_AIM OF THE TASK_
Please reproduce the listing verbatim, without its images.

DATA BLOCK section start

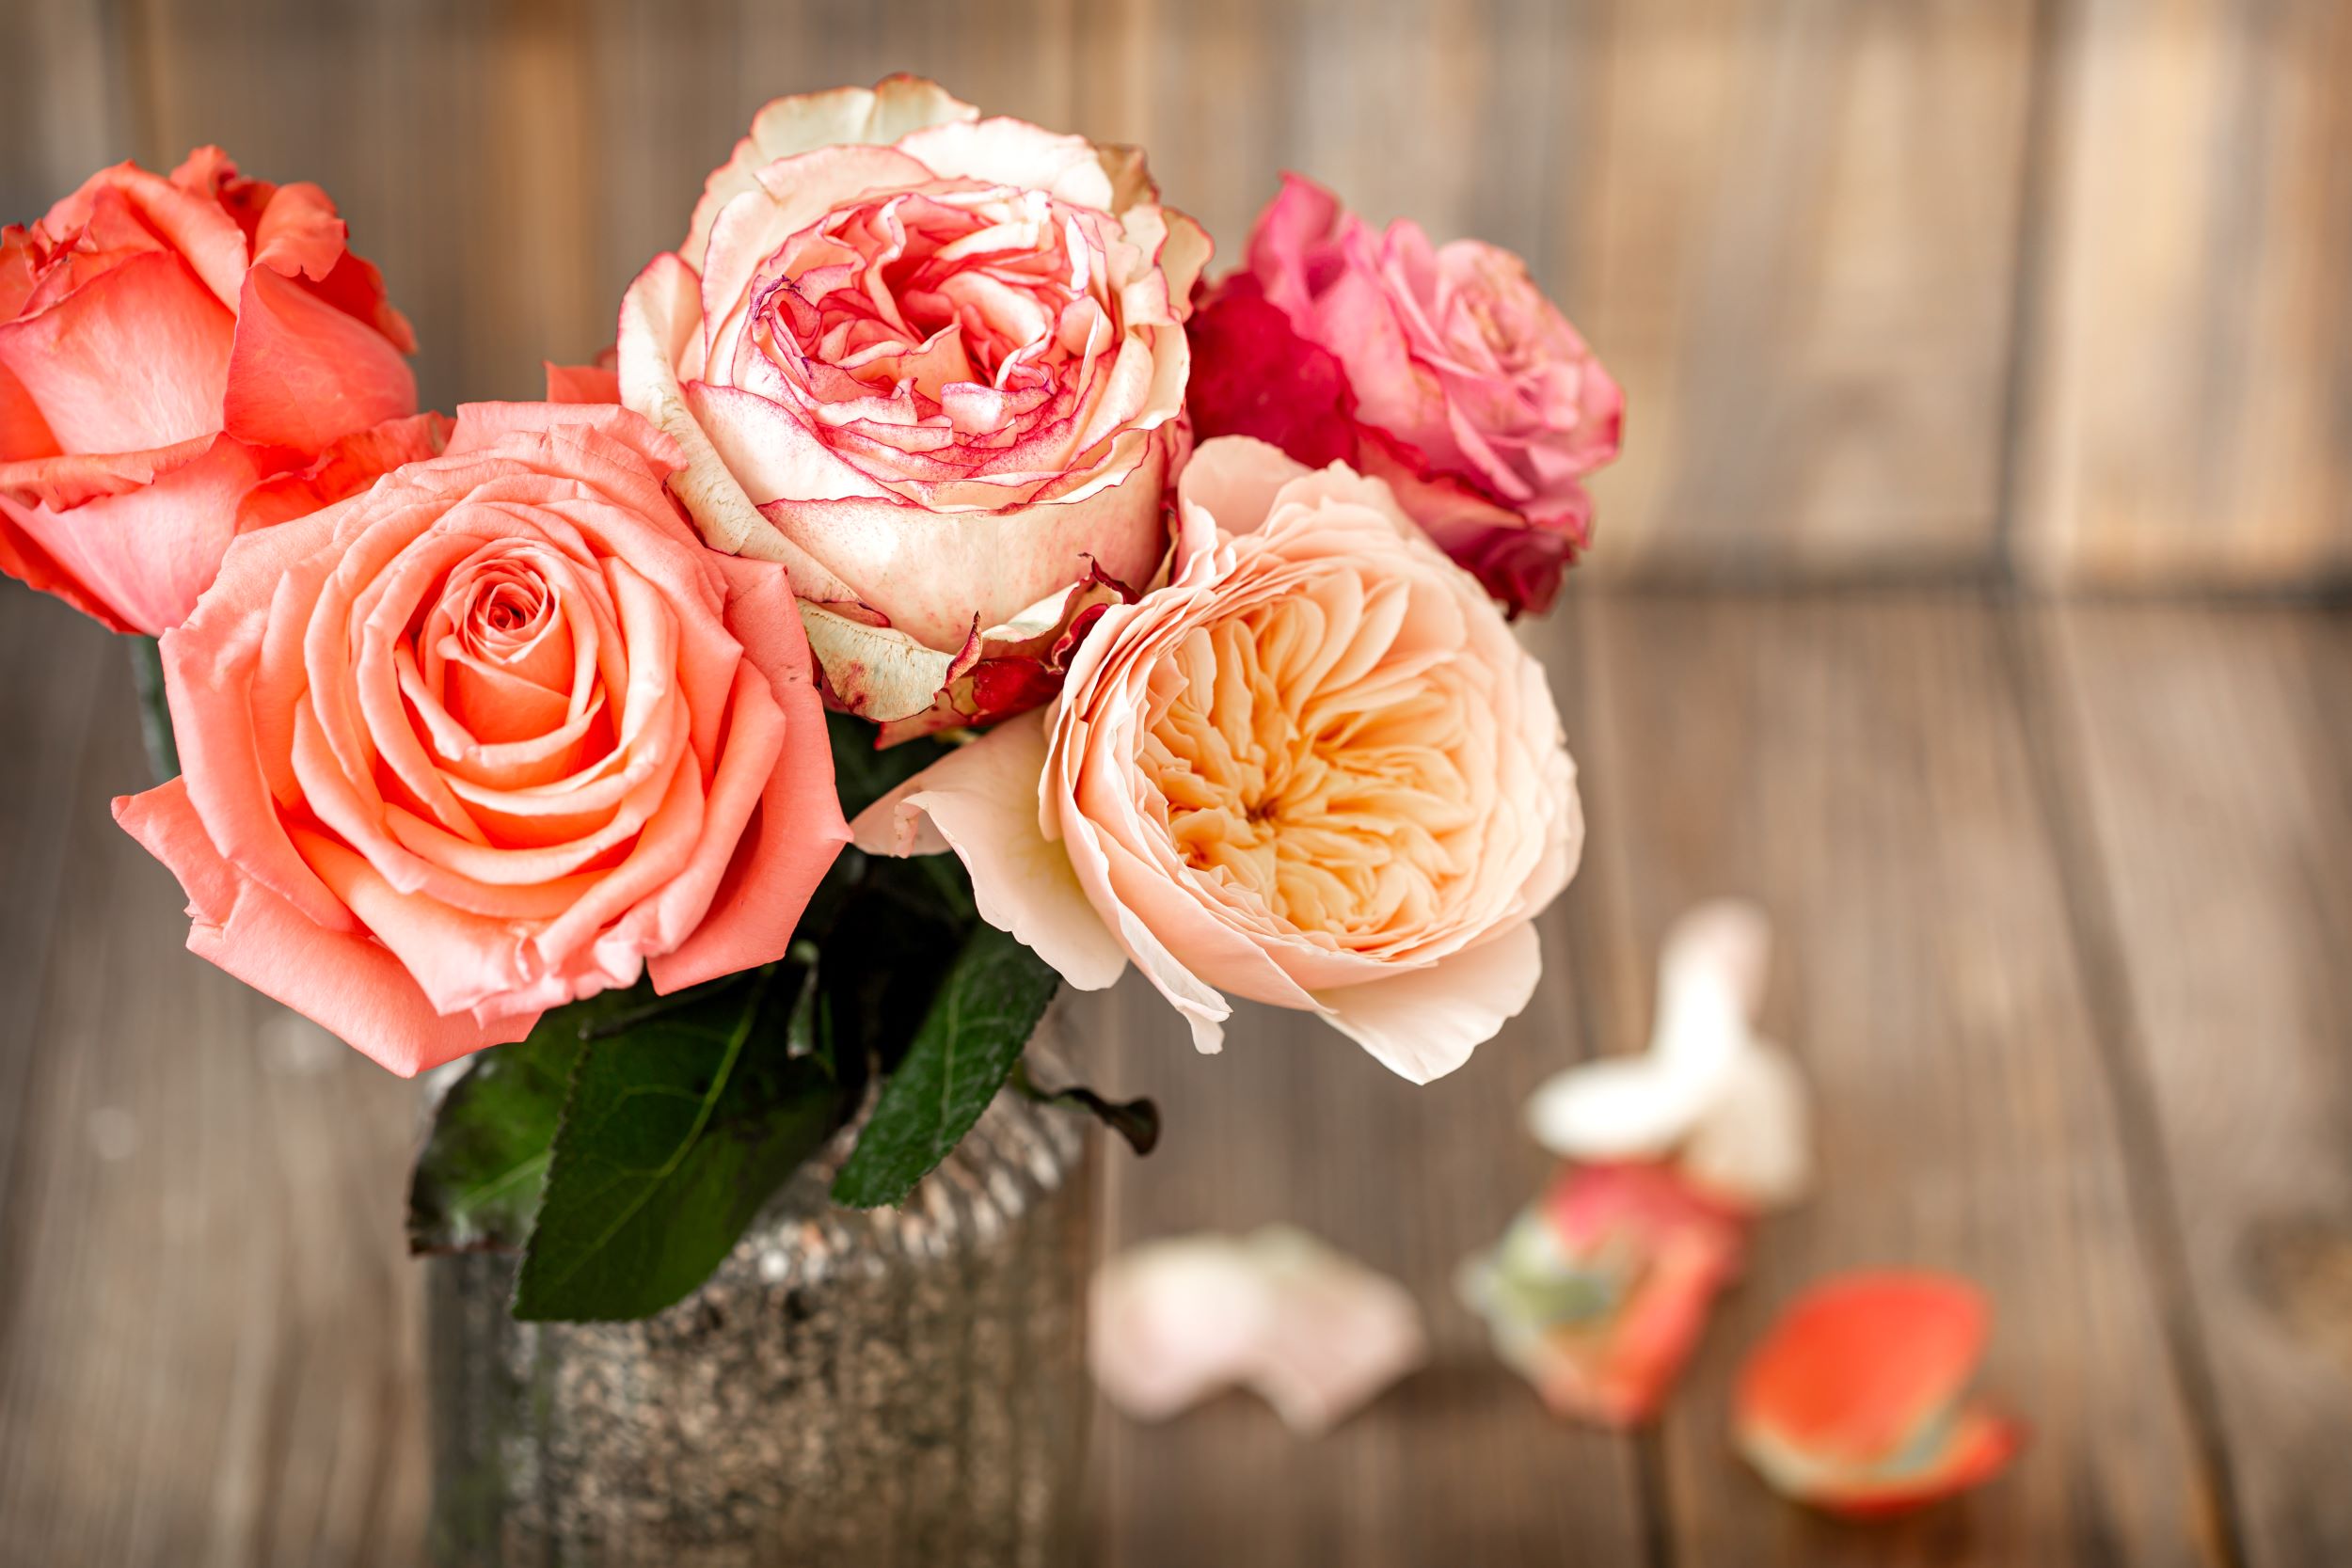 An image of a vase filled with different shades of pink roses.
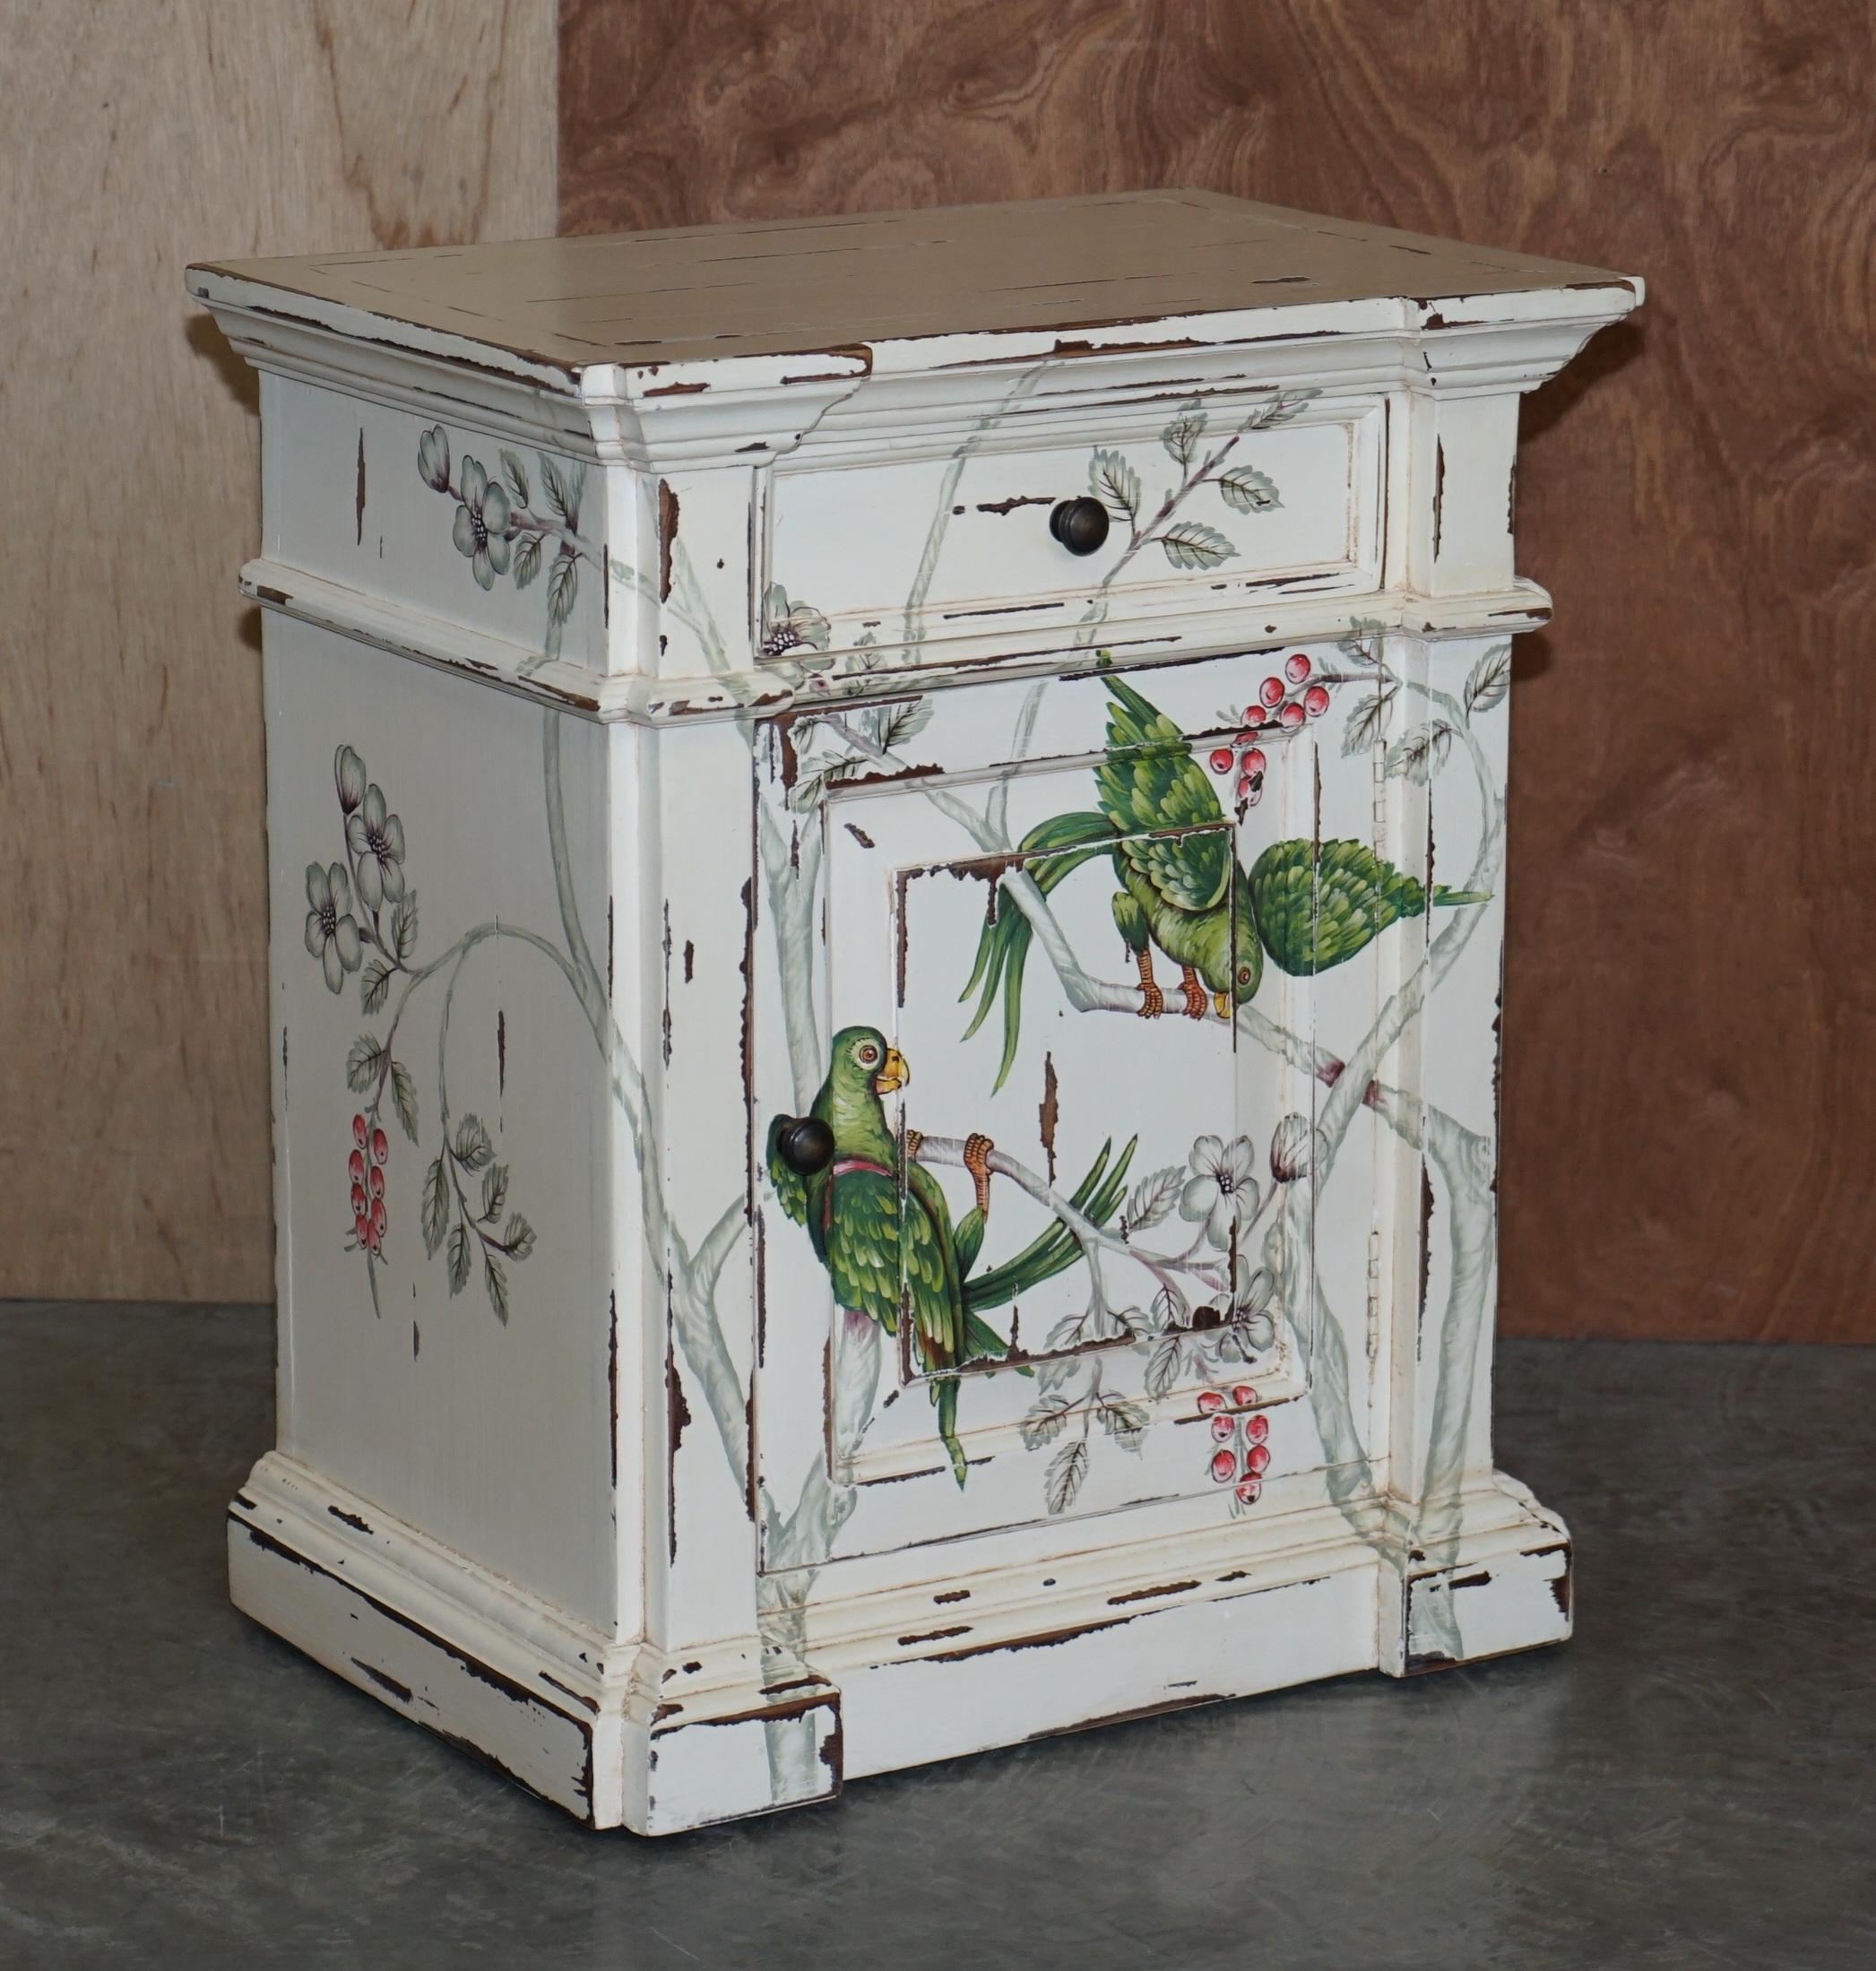 We are delighted to offer for sale this lovely pair of mahogany framed hand painted side table or bedside table cupboards with single drawers

These are well made and decorative chests, quite utilitarian, they can be used in the bedroom as bedside

DATA BLOCK section end

_ANSWER BOX_
 An image of a vase filled with different shades of pink roses.
 We are delighted to offer for sale this lovely pair of mahogany framed hand painted side table or bedside table cupboards with single drawers

These are well made and decorative chests, quite utilitarian, they can be used in the bedroom as bedside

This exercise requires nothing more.